Just this week a piece of research was published demonstrating four ultra-diluted remedies (Carcinosin, Phytolacca, Conium and Thuja) exerted preferential cytotoxic effects against two breast cancer cell lines, causing cell cycle delay/arrest and apoptosis8. Again basic science was dismissed as evidence within the report as was any qualitative research which assesses the patient experience of CAM use. Many clinicians take a more pragmatic view of evidence faced with the daily challenge of helping the person in front of them. About 50% of referrals to the complementary cancer care service at the Bristol Homeopathic Hospital come directly from oncologists and specialist nurses. These clinicians may be sceptical about how homeopathy works but they know their patients are in a tight squeeze with limited conventional treatments and they see good results coming from the clinics.

"...if other areas of care are dealt with in the same way we could be significantly reducing our therapeutic options in many clinical settings and thereby reducing choices to clinician and patient

So is my journey to a brave new world of NHS integrative care, which I envisaged ten years ago as a senior registrar in palliative medicine combining the best of conventional and complementary approaches, looking like it is being aborted by the science committee report. I had expected that the UK, led by Ernst and others would now have a very active research initiative up and running looking at a number of CAM treatments across a broad array of chronic diseases using a mixed methodology of placebo controlled, pragmatic and qualitative trials to gain an understanding of specific and non-specific effects within a healthcare interaction. This research would have, where appropriate, linked to increasing integration of holistic approaches that offer an in-depth approach to illness and the suffering it brings and a longer term perspective for things that might need to change to restore health. Many CAMs offer an acknowledgement of complexity and as many are non-toxic do no harm in the process of waiting for change.

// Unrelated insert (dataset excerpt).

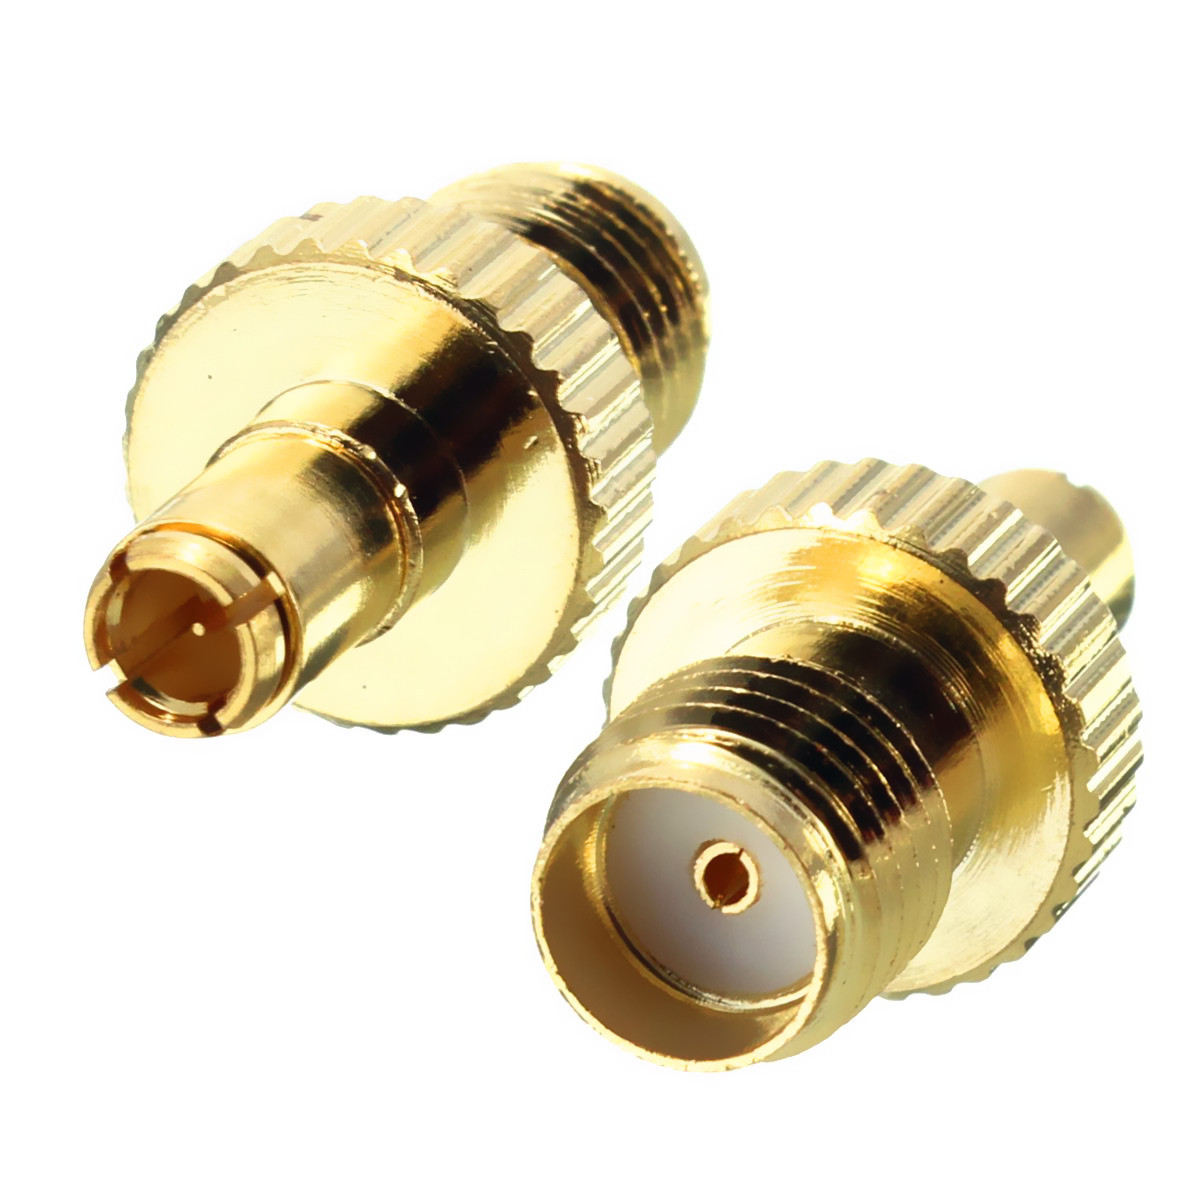 antenna adapter ts9 male plug to sma female jack rf. Black Bedroom Furniture Sets. Home Design Ideas
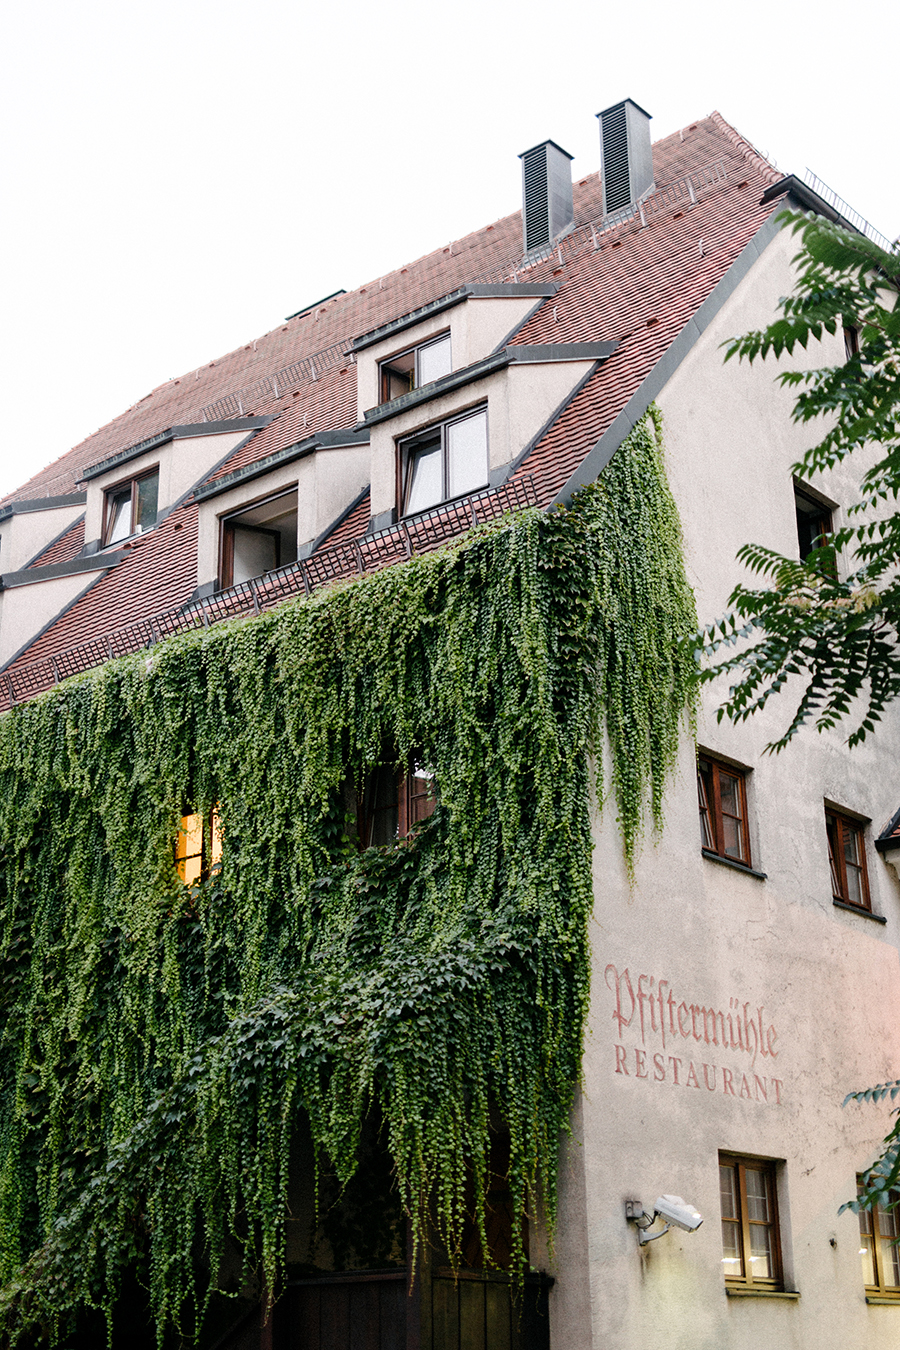 Munich, Munchen, Germany Travel Photography (1).jpg

Having recently experienced an illness for which I was advised a certain drug I then found side effects meant that I could not increase the dose so keeping the dose low and using acupuncture, meditation and homeopathy alongside I am making a good recovery. I could afford these treatments privately but many of the patients I see could not. Is it not understandable that I would want to offer to others what I would want from the health service myself? Although it looks for the present that viewing homeopathy through the narrow lens of EBM is our problem, if other areas of care are dealt with in the same way we could be significantly reducing our therapeutic options in many clinical settings and thereby reducing choices to clinician and patient. Houston we do have a problem but it is shared across the clinical arena and it has only just begun.

Reference

  1. Witt CM, Ludtke R, Baur R, Willich SN. Homeopathic medical practice: long-term results of a cohort study with 3981 patients. BMC Public Health 2005 Nov 3;5:115.:115.
  2. Witt C, Keil T, Selim D, Roll S, Vance W, Wegscheider K, et al. Outcome and costs of homoeopathic and conventional treatment strategies: a comparative cohort study in patients with chronic disorders. Complement Ther Med 2005 Jun;13(2):79-86.
  3. Spence DS, Thompson EA, Barron SJ. Homeopathic treatment for chronic disease: a 6-year, university-hospital outpatient observational study. J Altern Complement Med 2005 Oct;11(5):793-8.
  4. Thompson EA, Mathie RT, Baitson ES, Barron SJ, Berkovitz SR, Brands M, et al. Towards standard setting for patient-reported outcomes in the NHS homeopathic hospitals. Homeopathy 2008 Jul;97(3):114-21.
  5. Ludtke R, Rutten AL. The conclusions on the effectiveness of homeopathy highly depend on the set of analyzed trials. J Clin Epidemiol 2008 Dec;61(12):1197-204.
  6. Bell IR, Lewis DA, Brooks AJ, Schwartz GE, Lewis SE, Walsh BT, et al. Improved clinical status in fibromyalgia patients treated with individualized homeopathic remedies versus placebo. Rheumatology (Oxford) 2004 May;43(5):577-82.
  7. Milazzo S, Russell N, Ernst E. Efficacy of homeopathic therapy in cancer treatment. Eur J Cancer 2006 Feb;42(3):282-9.
  8. Frenkel M, Mishra BM, Sen S, Yang P, Pawlus A, Vence L, et al. Cytotoxic effects of ultra-diluted remedies on breast cancer cells. Int J Oncol 2010 Feb;36(2):395-403.